Так ты и остался в неведении — гадал, думал. Собирался с духом, чтобы нагрянуть. Звезда Героя замаячила кстати… Увы!

Что же теперь вспоминать? Нет, пускай Виктор шлет из рейса радиограммы и письма, заготовленные твоей рукой, словно консервы… Пусть ребенок растет пока на твоих письмах, а ее мать — получает денежные переводы, а там сама судьба что-нибудь изобретет, чтобы дочь позабыла про отца — скитальца и инвалида.

Тебе теперь надо думать о другом. Ты встал на ноги, ты не хочешь сдаваться и уже заставляешь себя смотреть на проходящих по улицам женщин. Взглядом, словно рукой, касаешься краев одежд, голубых вен запястья, отводишь прядь с виска.

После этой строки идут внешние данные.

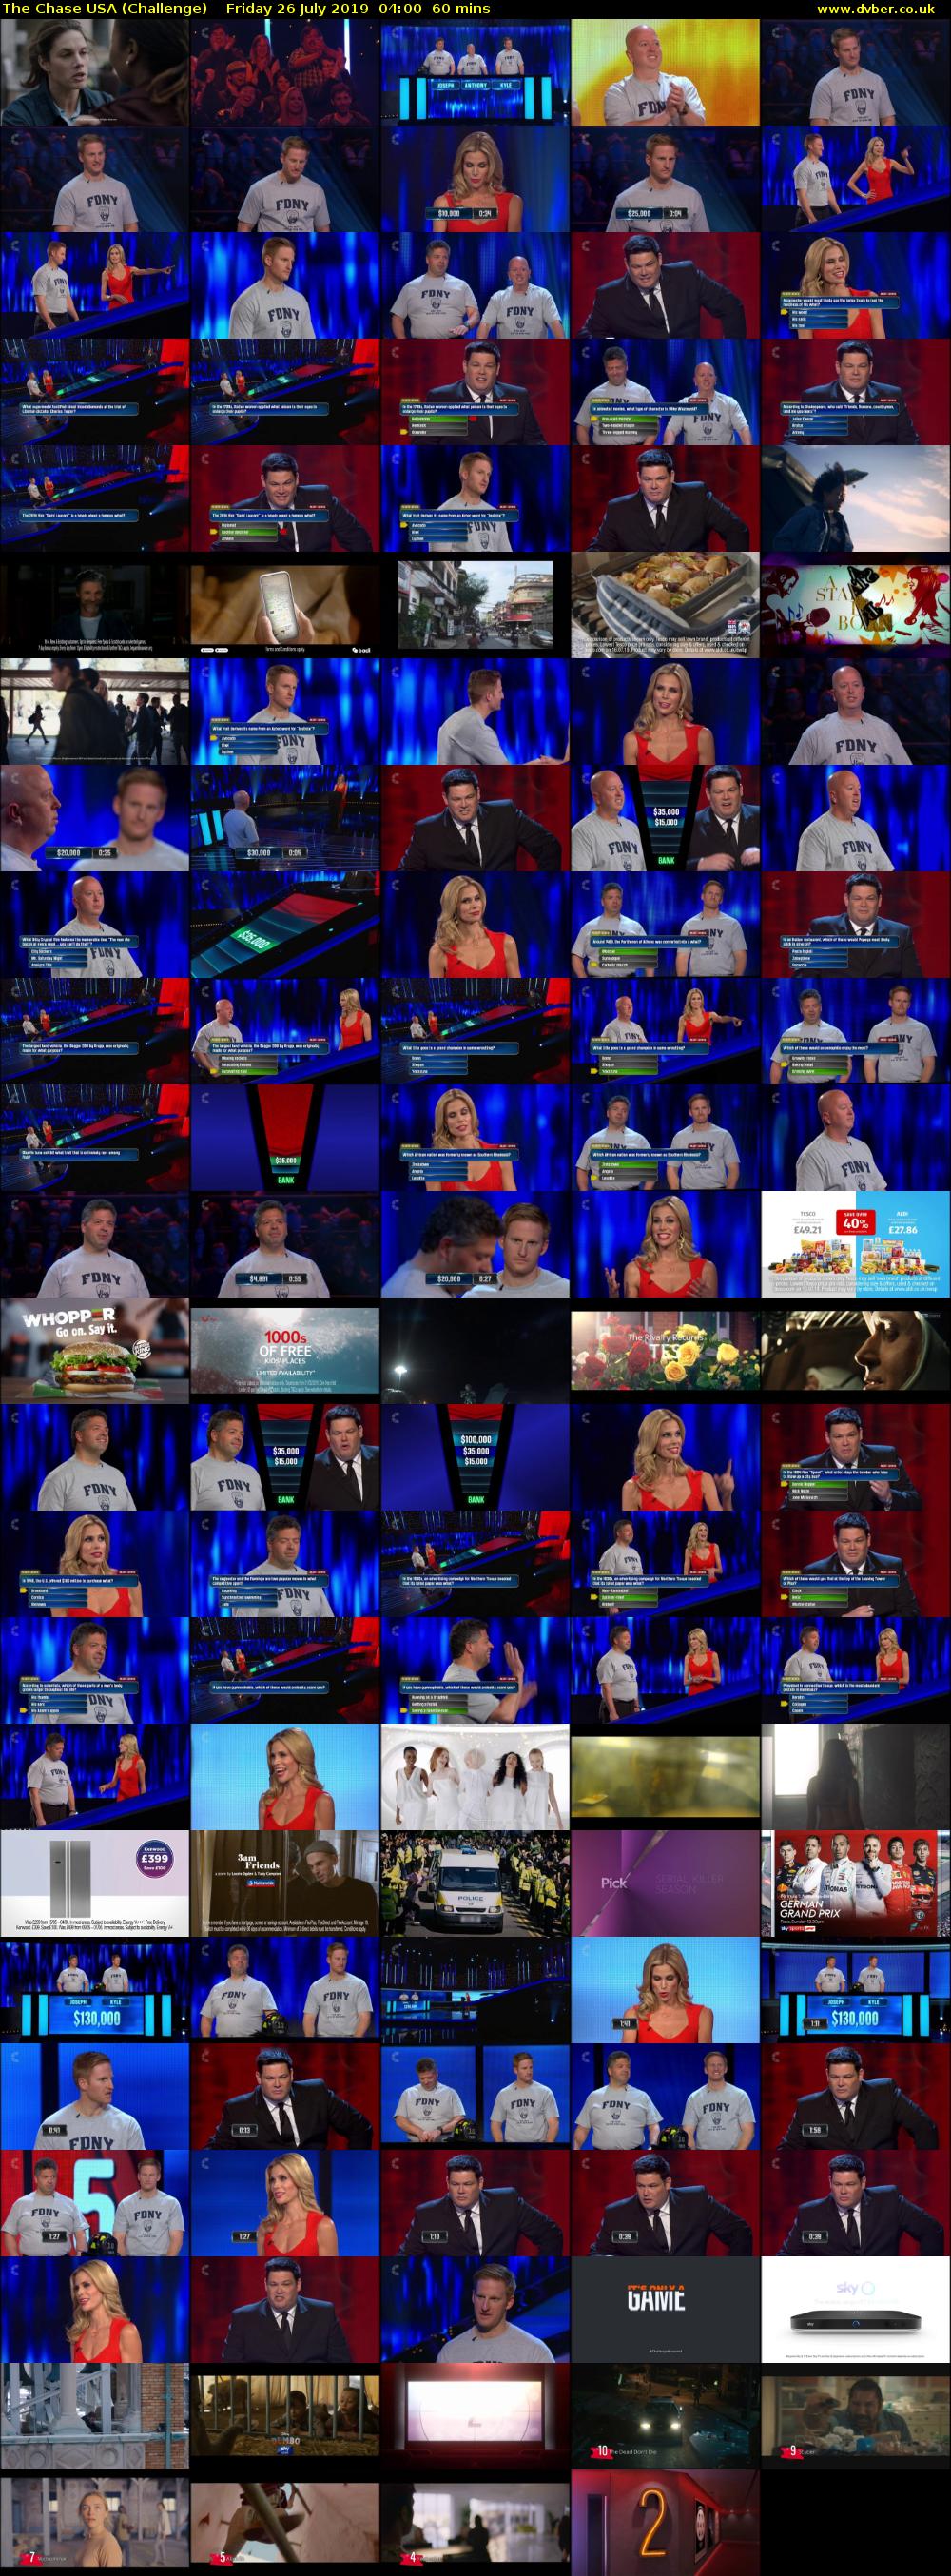 The Chase USA (Challenge) Friday 26 July 2019 04:00 - 05:00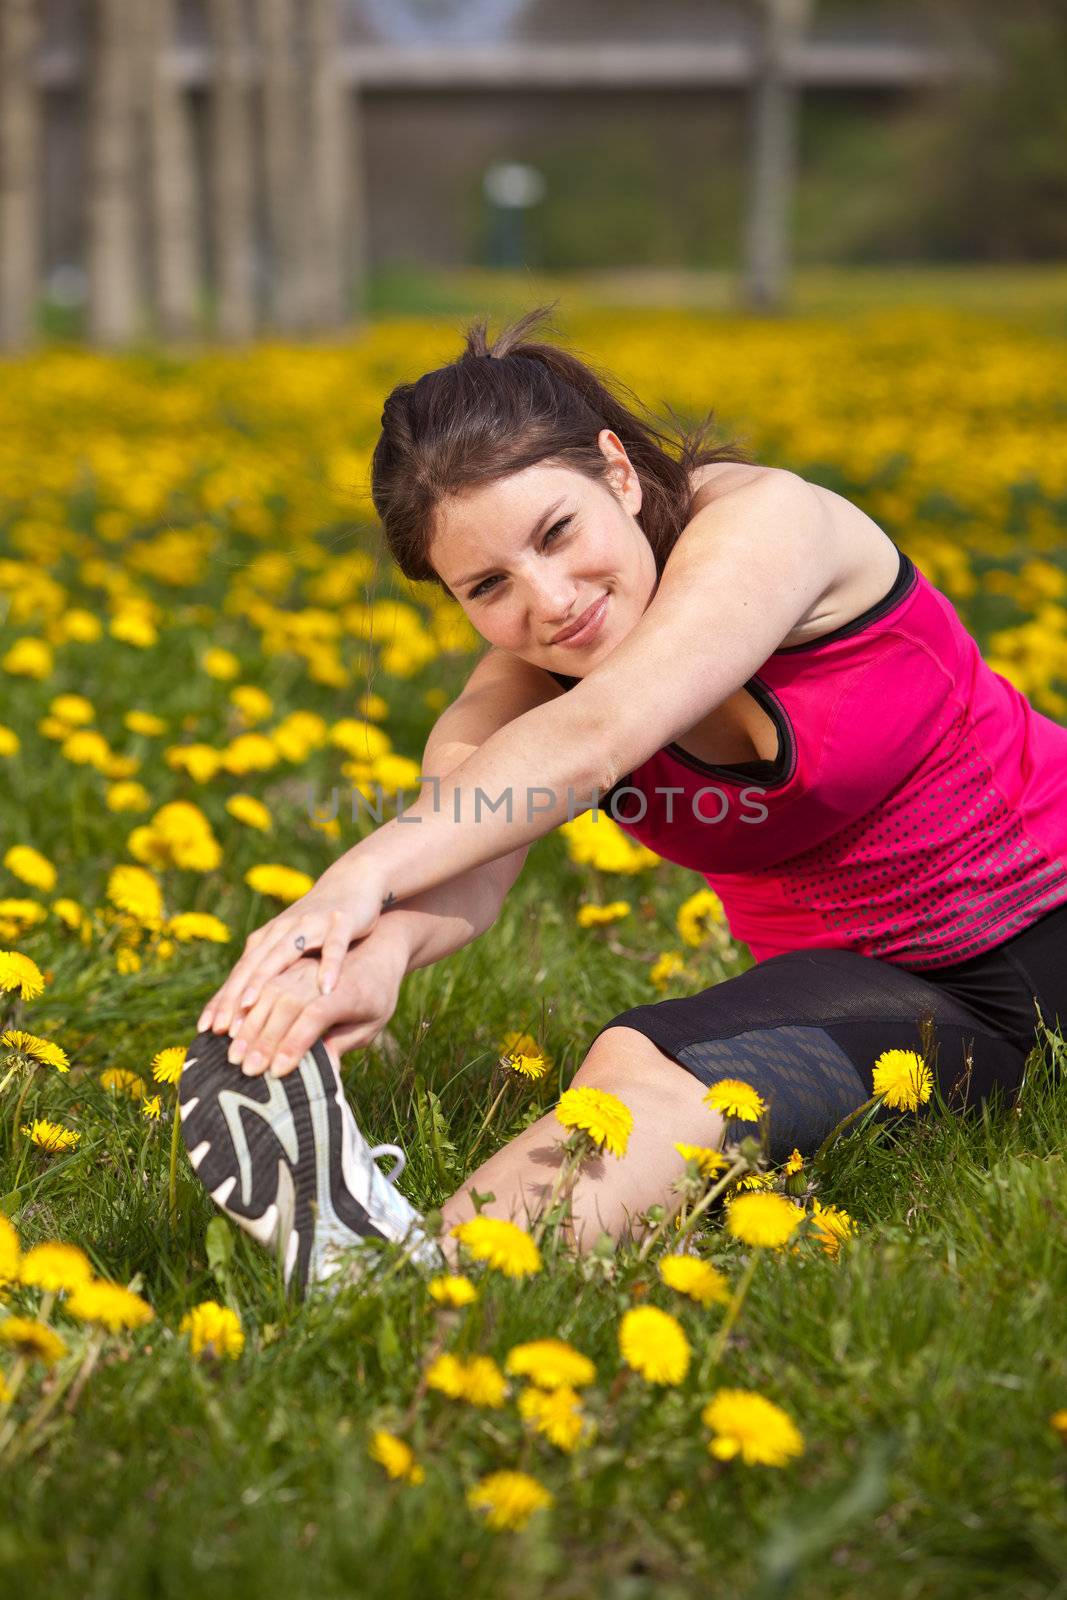 Pretty young woman doing stretch exercises in a field of dandelions

Глазам твоим то свежо, то жарко, но ты не винишь себя за свой упорствующий взгляд — это твоя проба жизни.

И как надеешься, как радуешься, когда ощущаешь в груди рождение силы — и как тоскуешь, когда вслед за тем под грудью, под раздвоением ребер открывается сосущая пустота, куда уходят кровь и желание!

Тогда ты ненавидишь свое тело. С ним нельзя жить. И ты думаешь: «Будет ли по-иному? Или я обречен? Догадывается ли о моей обреченности Ольга Николаевна?.. Взять ее руку в свою? А если… Что тогда?»

Приходит беспаловская мысль: «Покончу с собой».